**How to complete this task**
The whole listing, pictures aside, should be reproduced exactly.

**The data**
┄┄┄┄┄┄┄┄┄┄
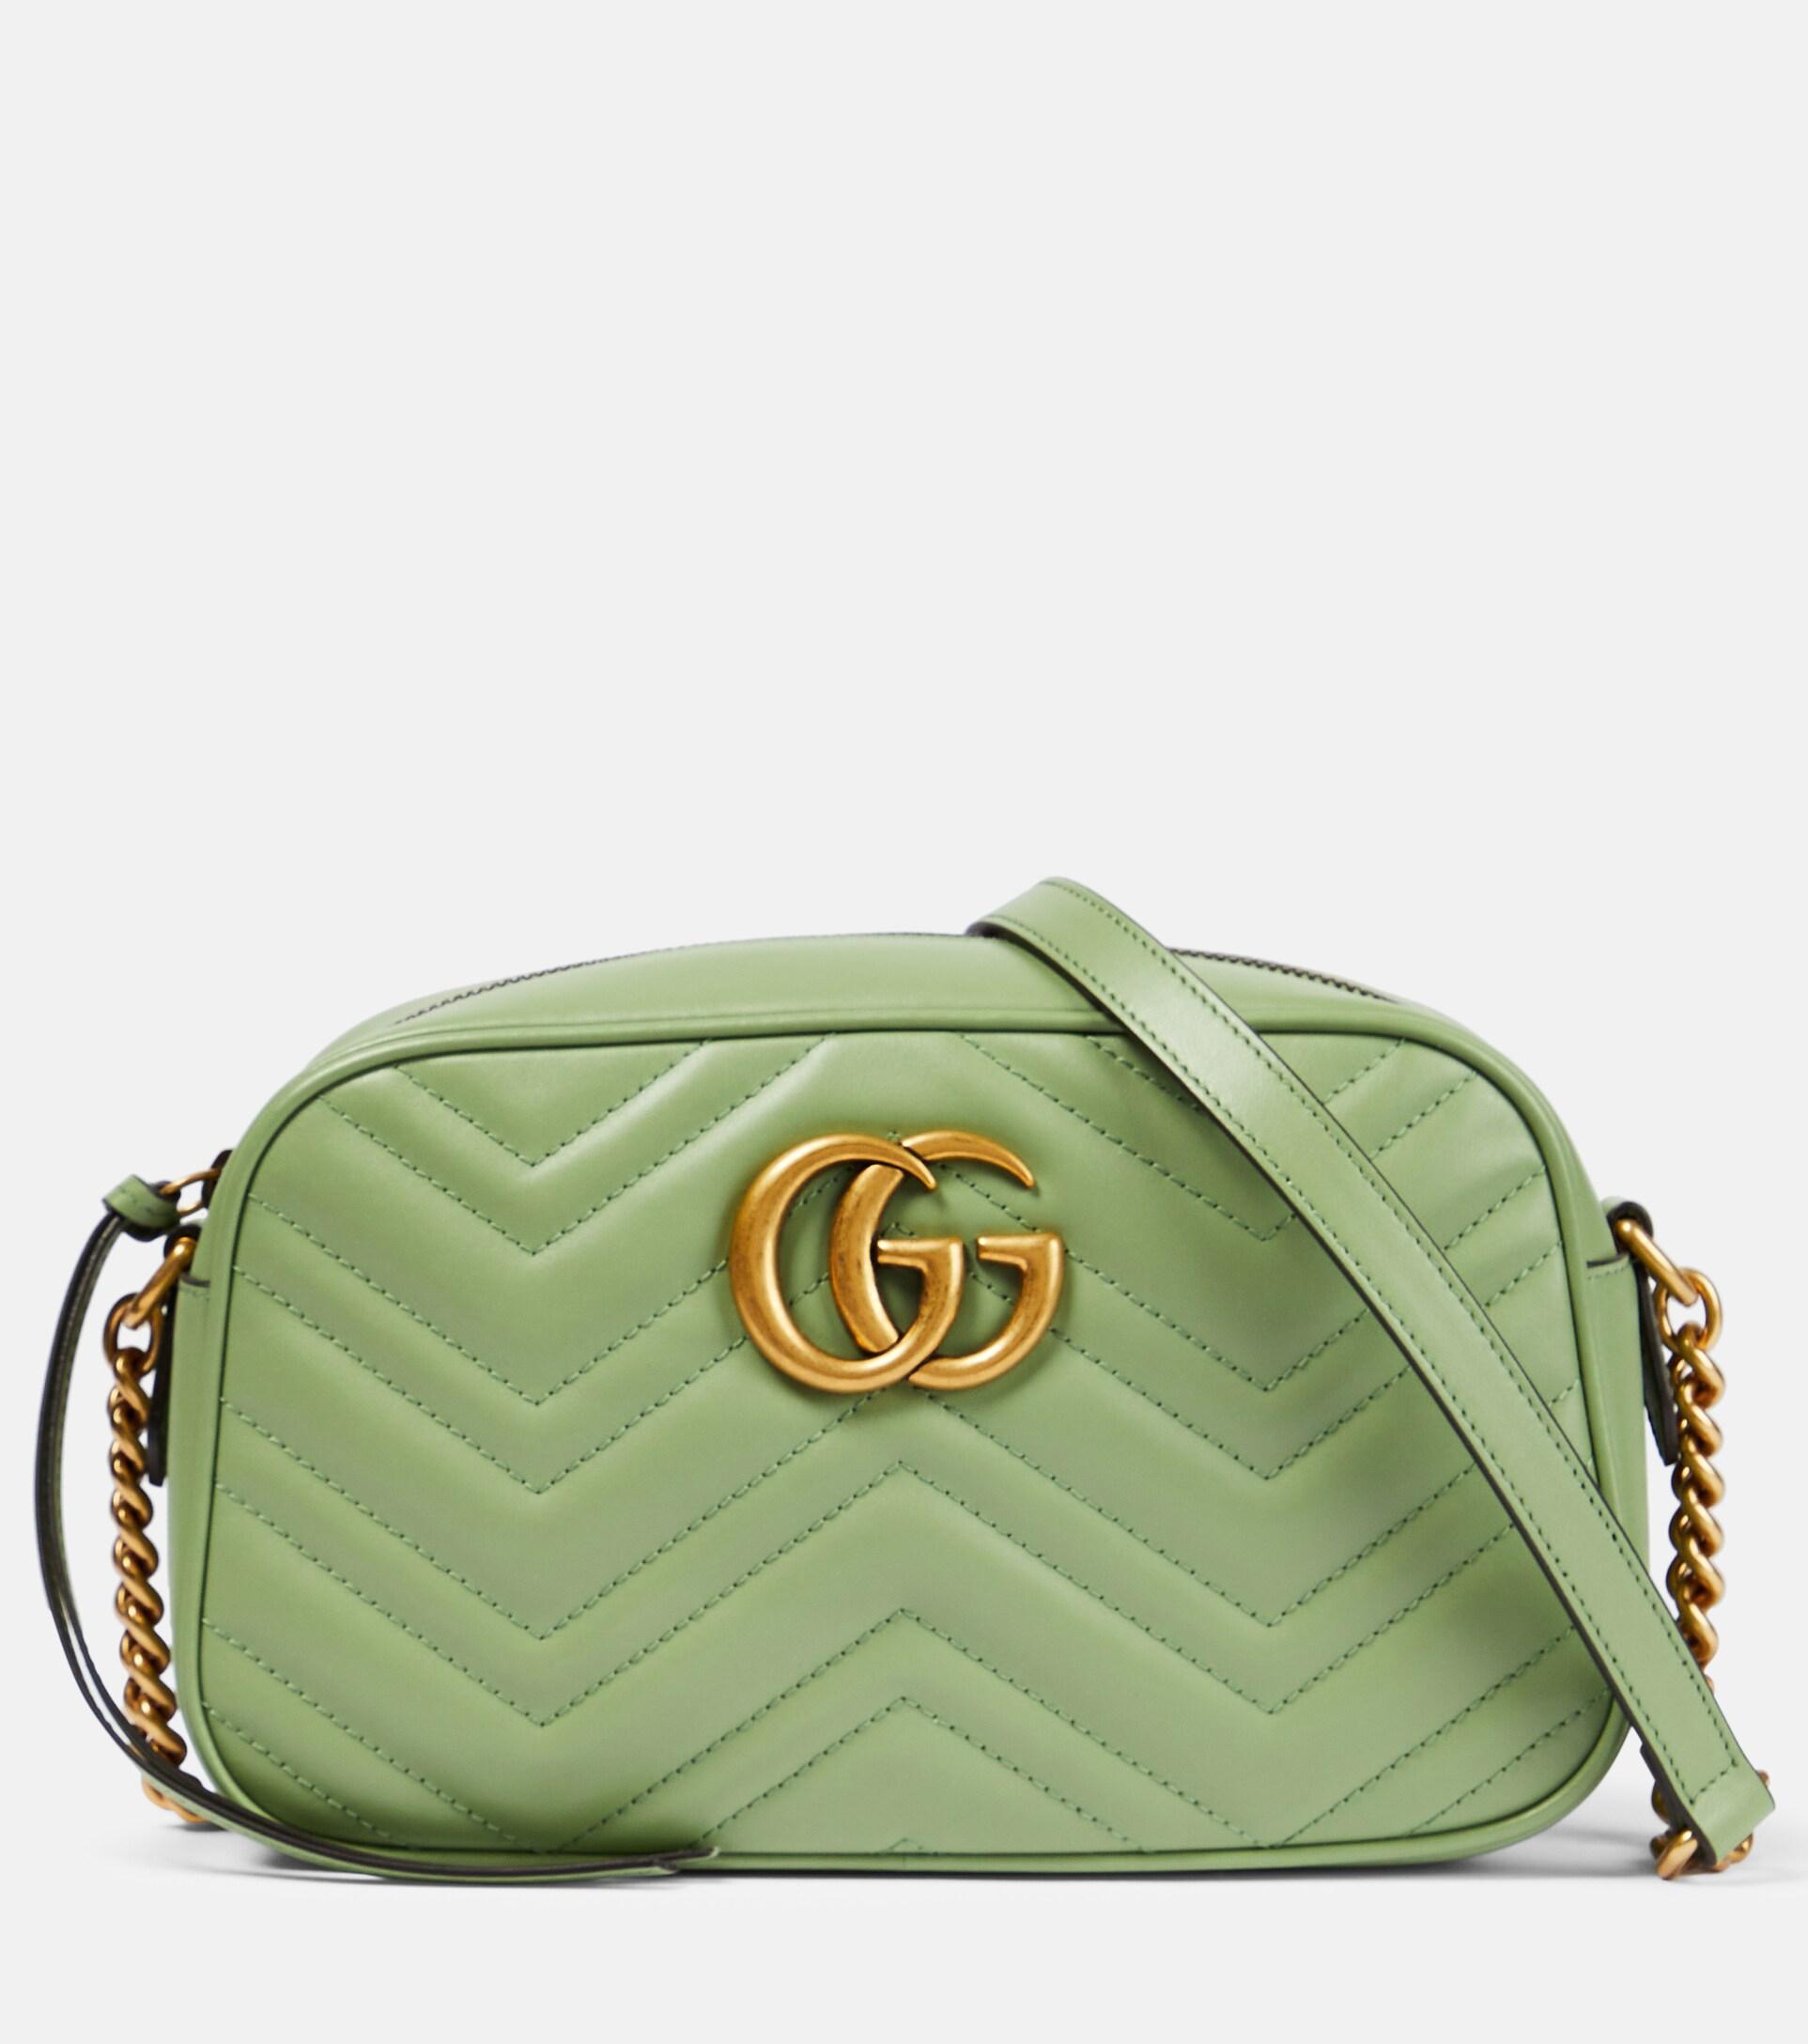 Gucci, Bags, Authentic Gucci Gg Marmont Vertical Phone Crossbody Bag  Matelasse Leather Mini
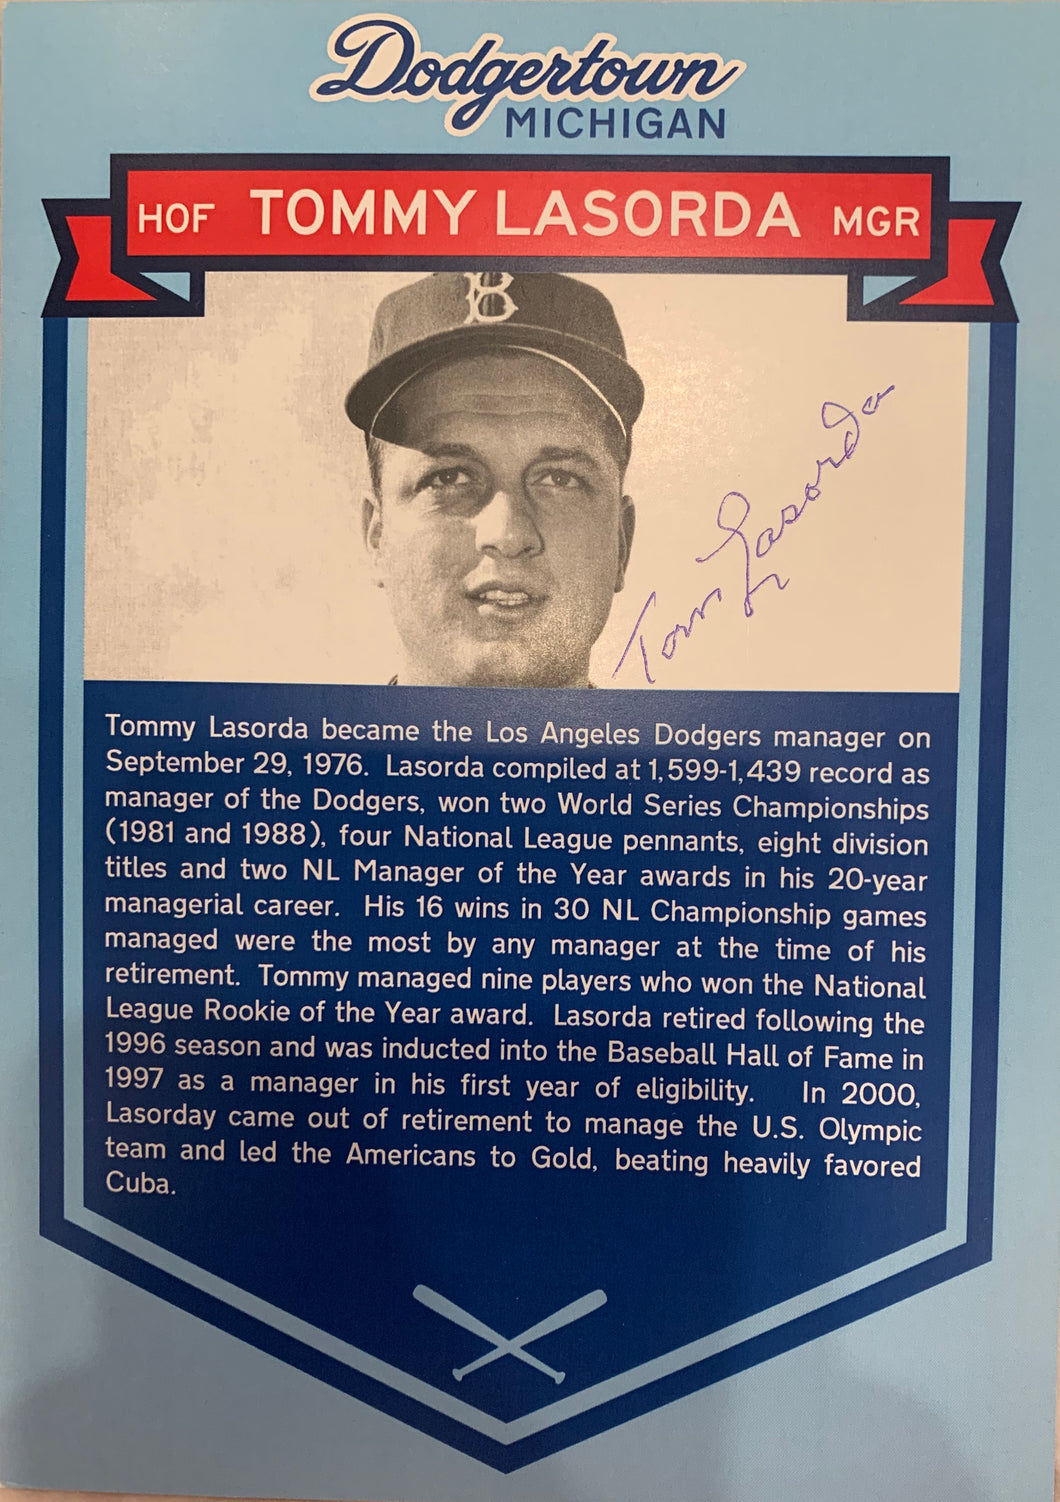 Tommy Lasorda Autographed Dodgertown Card
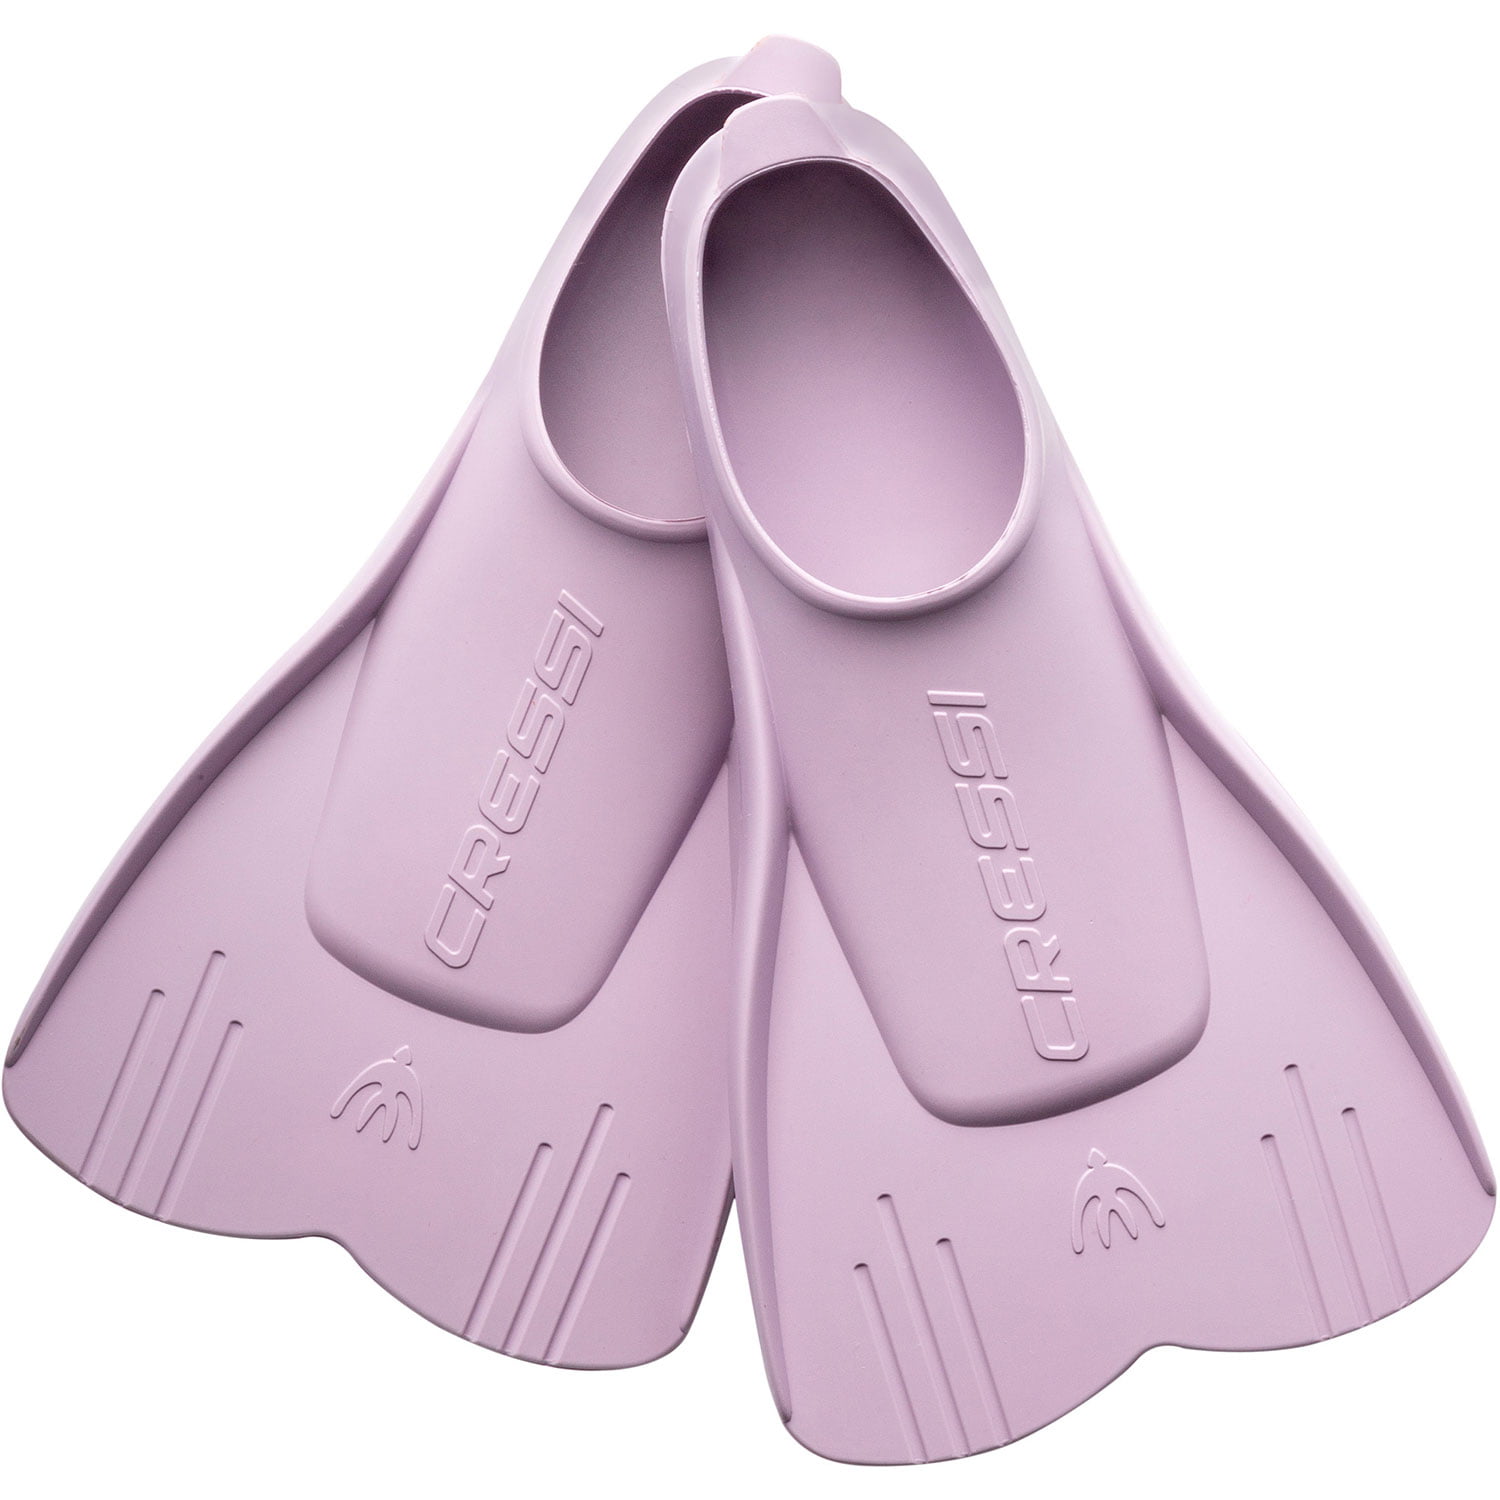 Mini Light for Kids 1 Years Old and up Cressi Short Floating Swim Fins to Learn to Swim Designed in Italy
┄┄┄┄┄┄┄┄┄┄
**Result of the task**
 Gucci, Bags, Authentic Gucci Gg Marmont Vertical Phone Crossbody Bag  Matelasse Leather Mini
 Tommy Lasorda Autographed Dodgertown Card
 Mini Light for Kids 1 Years Old and up Cressi Short Floating Swim Fins to Learn to Swim Designed in Italy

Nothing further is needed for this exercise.